RECORDED INFORMATION:
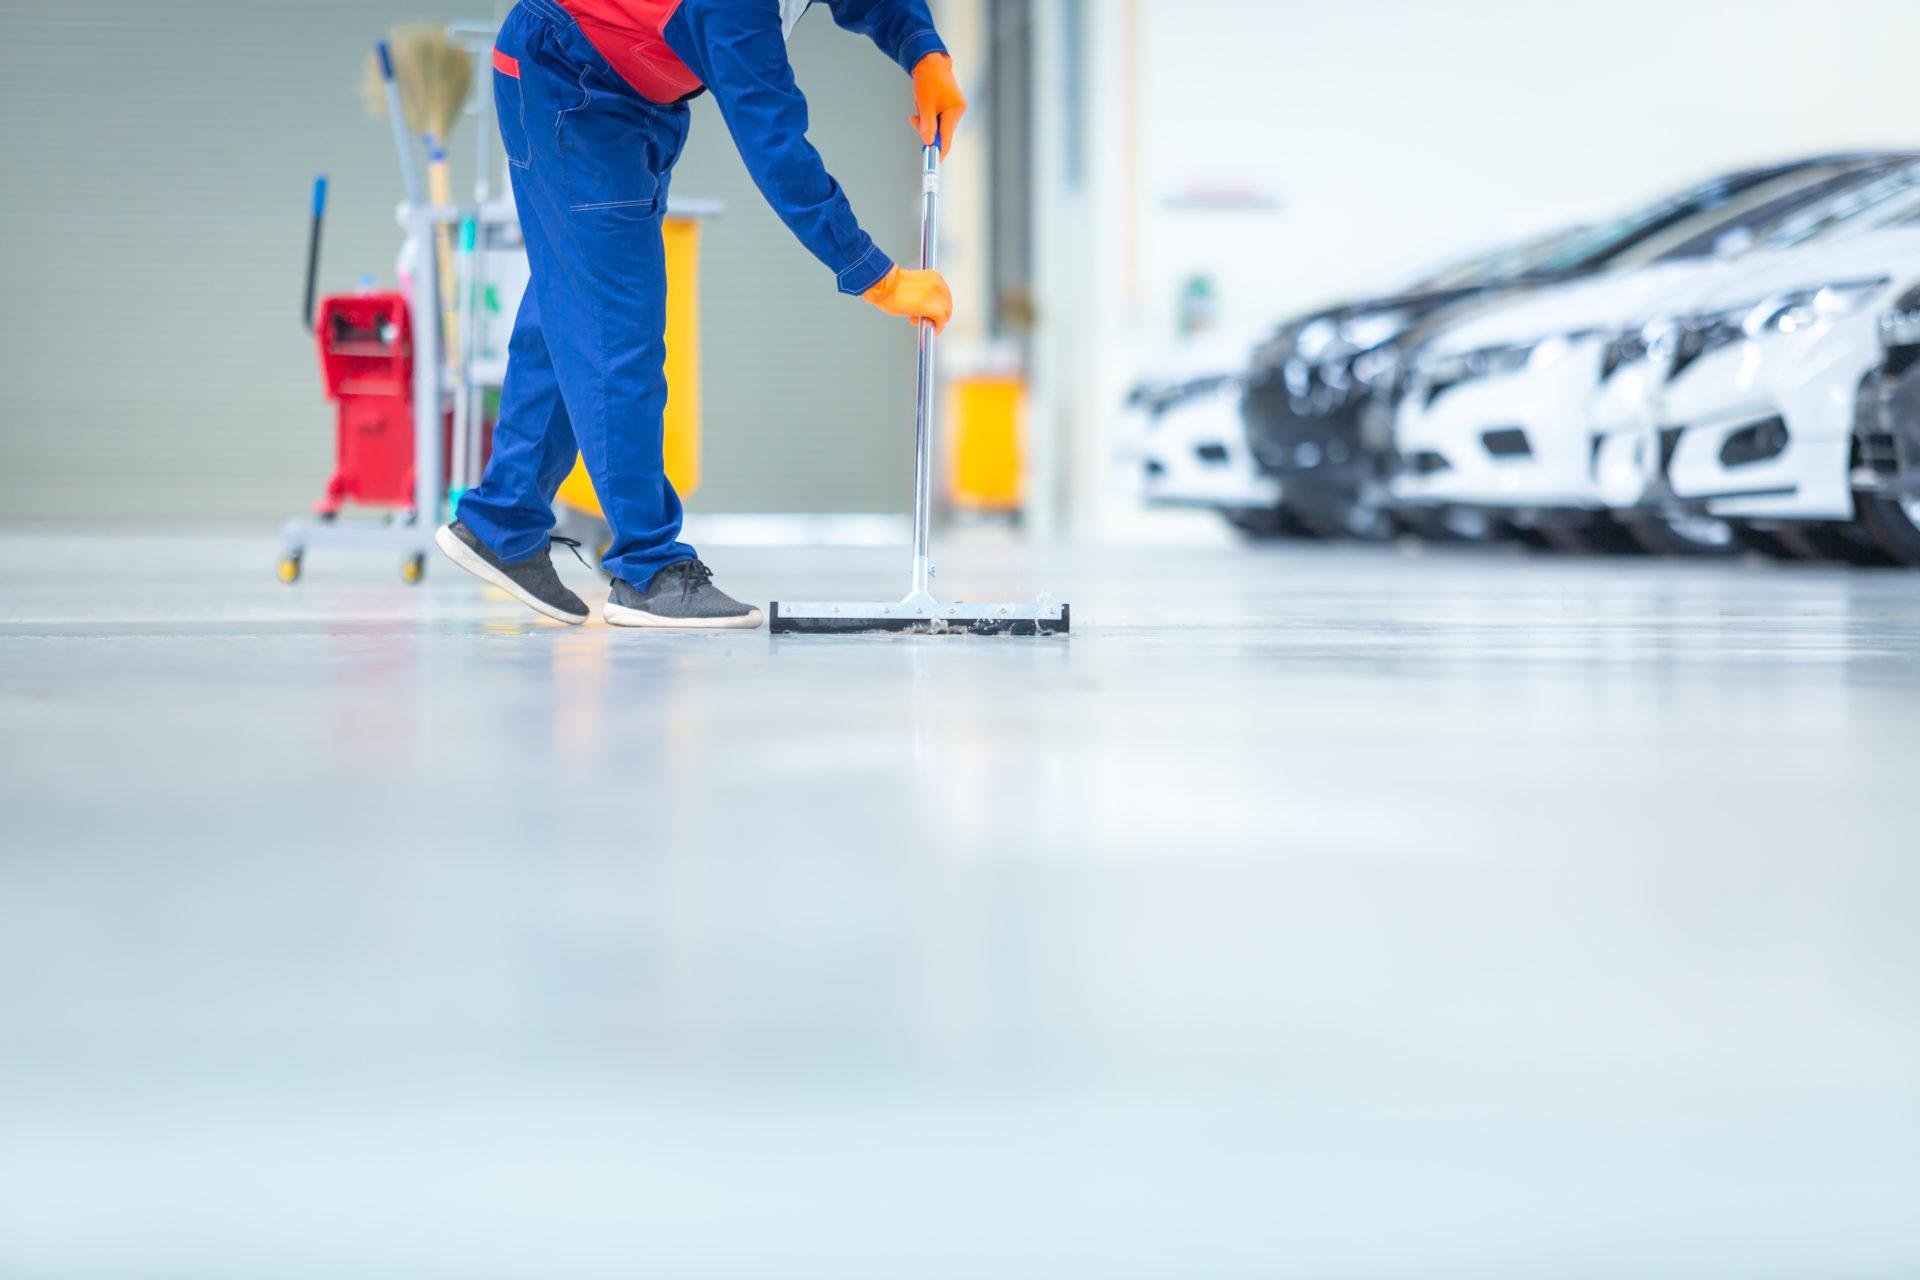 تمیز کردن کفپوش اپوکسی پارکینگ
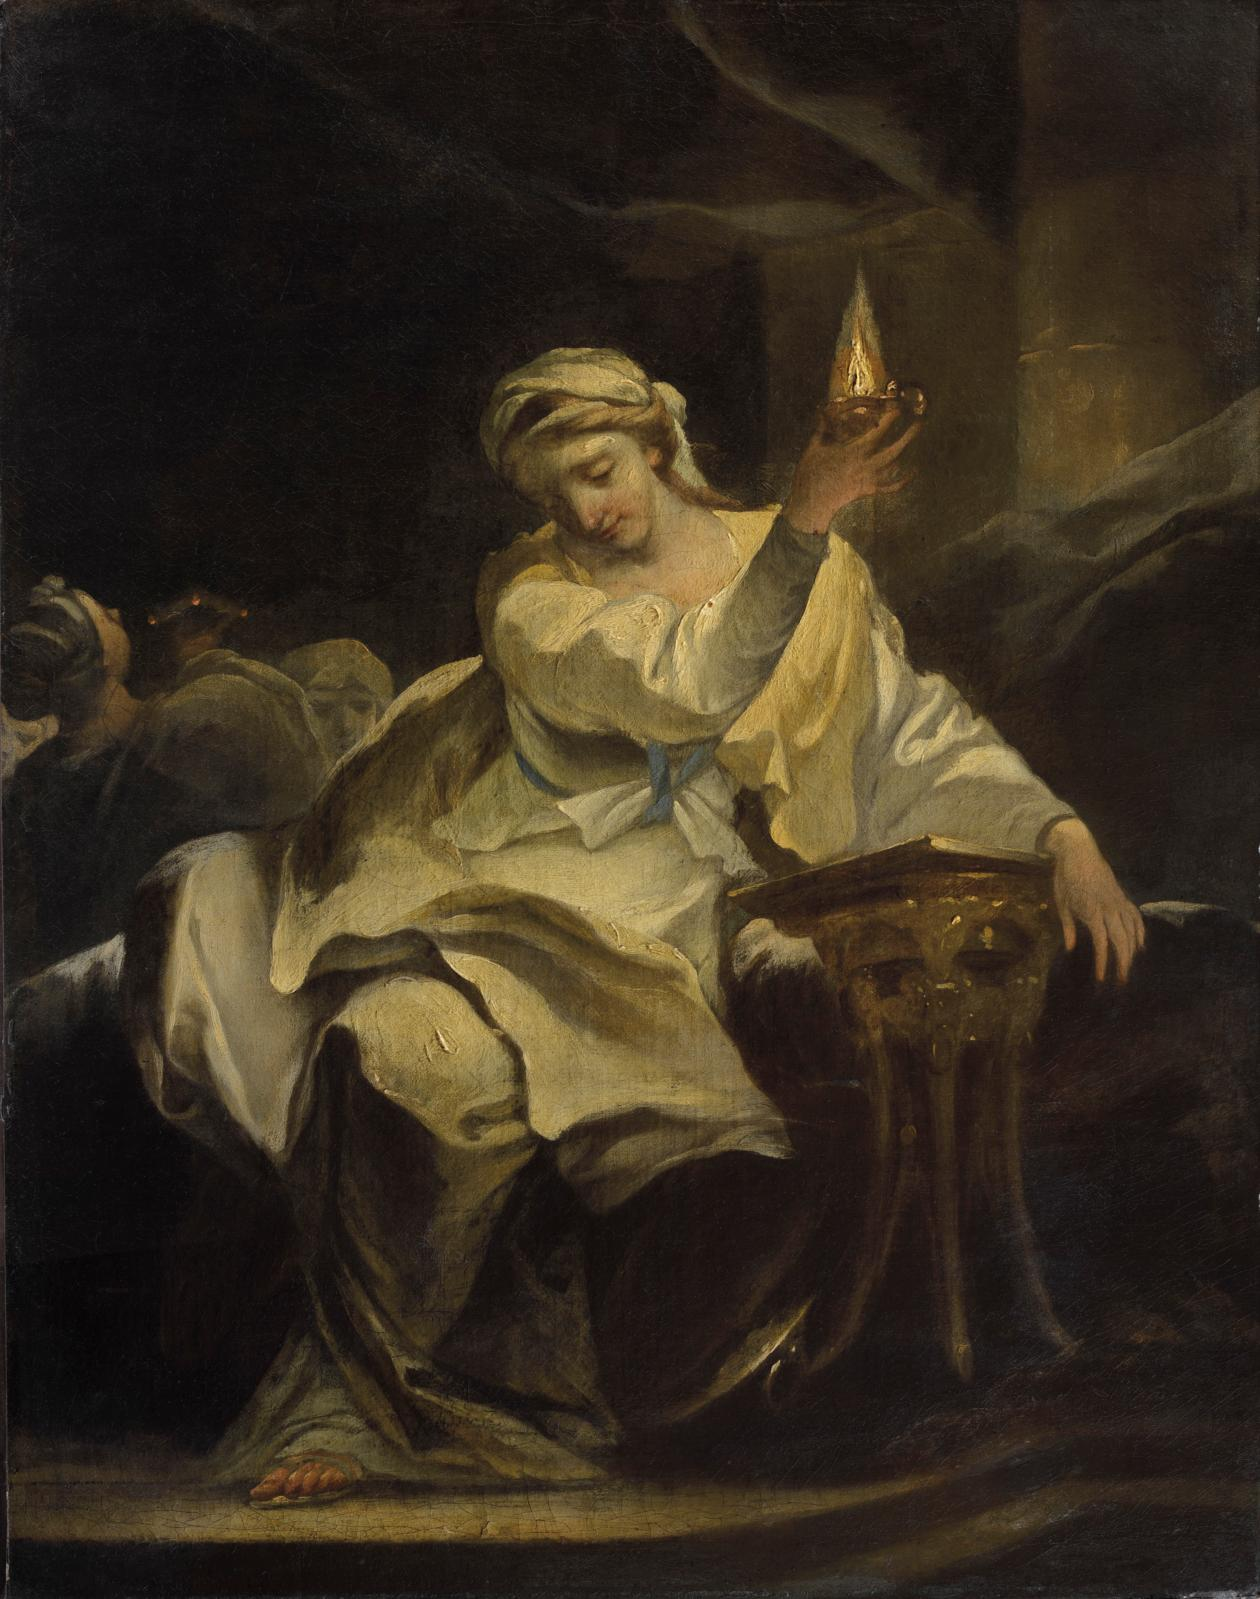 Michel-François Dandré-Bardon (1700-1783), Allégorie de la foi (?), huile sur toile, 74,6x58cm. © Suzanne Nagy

* * *

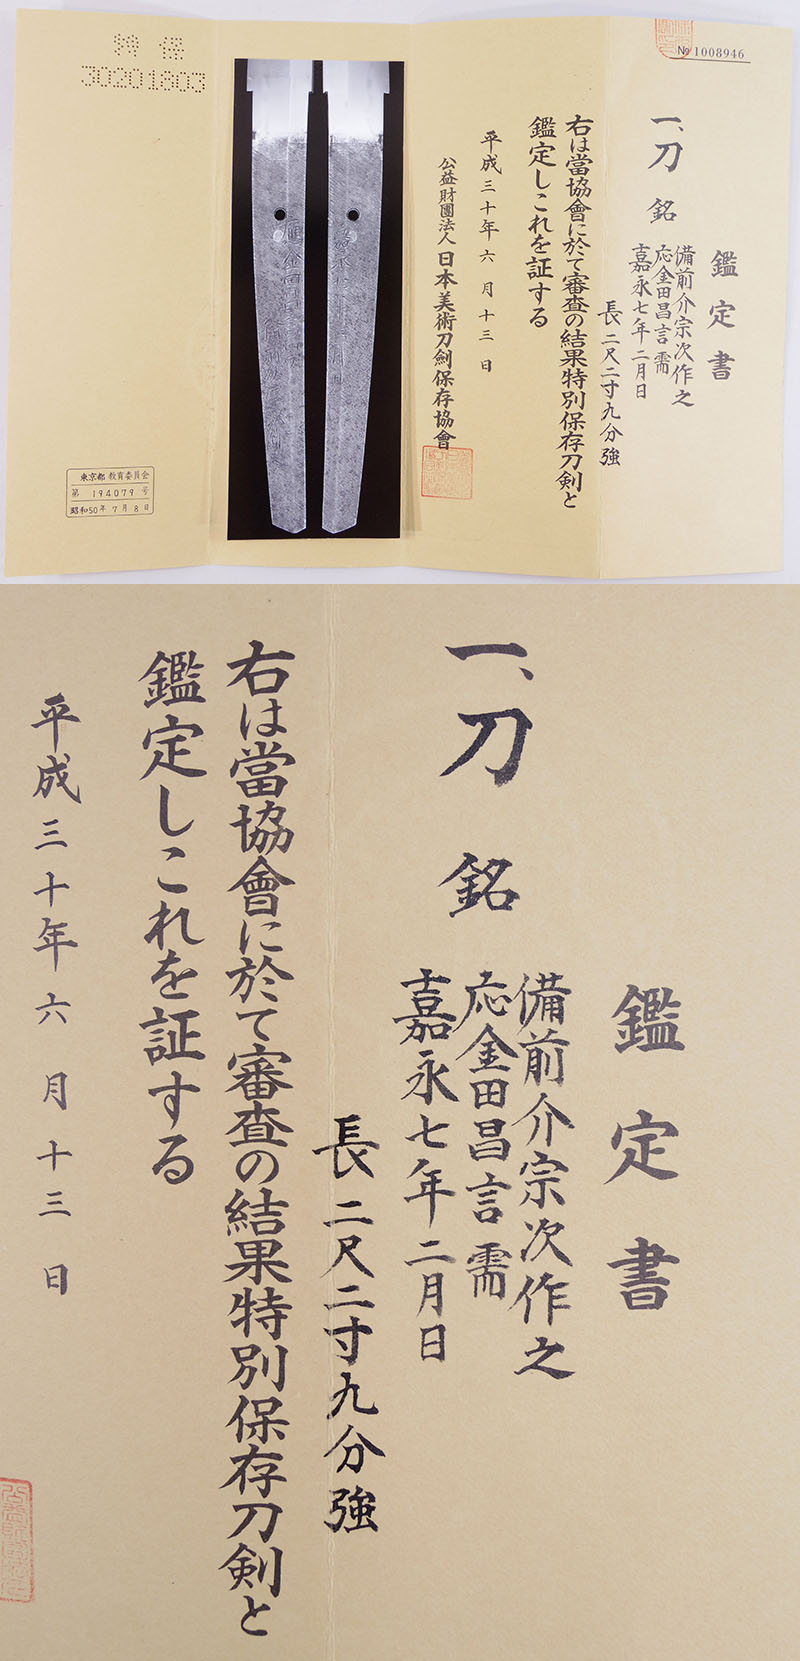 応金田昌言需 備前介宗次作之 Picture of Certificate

EXERCISE REQUIREMENTS: Word for word, repeat the lines above from the one with "تمیز کردن کفپوش اپوکسی پارکینگ" through the one with "Michel-François Dandré-Bardon (1700-1783), Allégorie", and nothing beyond them. Omit the pictures.

REPLY:
 تمیز کردن کفپوش اپوکسی پارکینگ
 Michel-François Dandré-Bardon (1700-1783), Allégorie de la foi (?), huile sur toile, 74,6x58cm. © Suzanne Nagy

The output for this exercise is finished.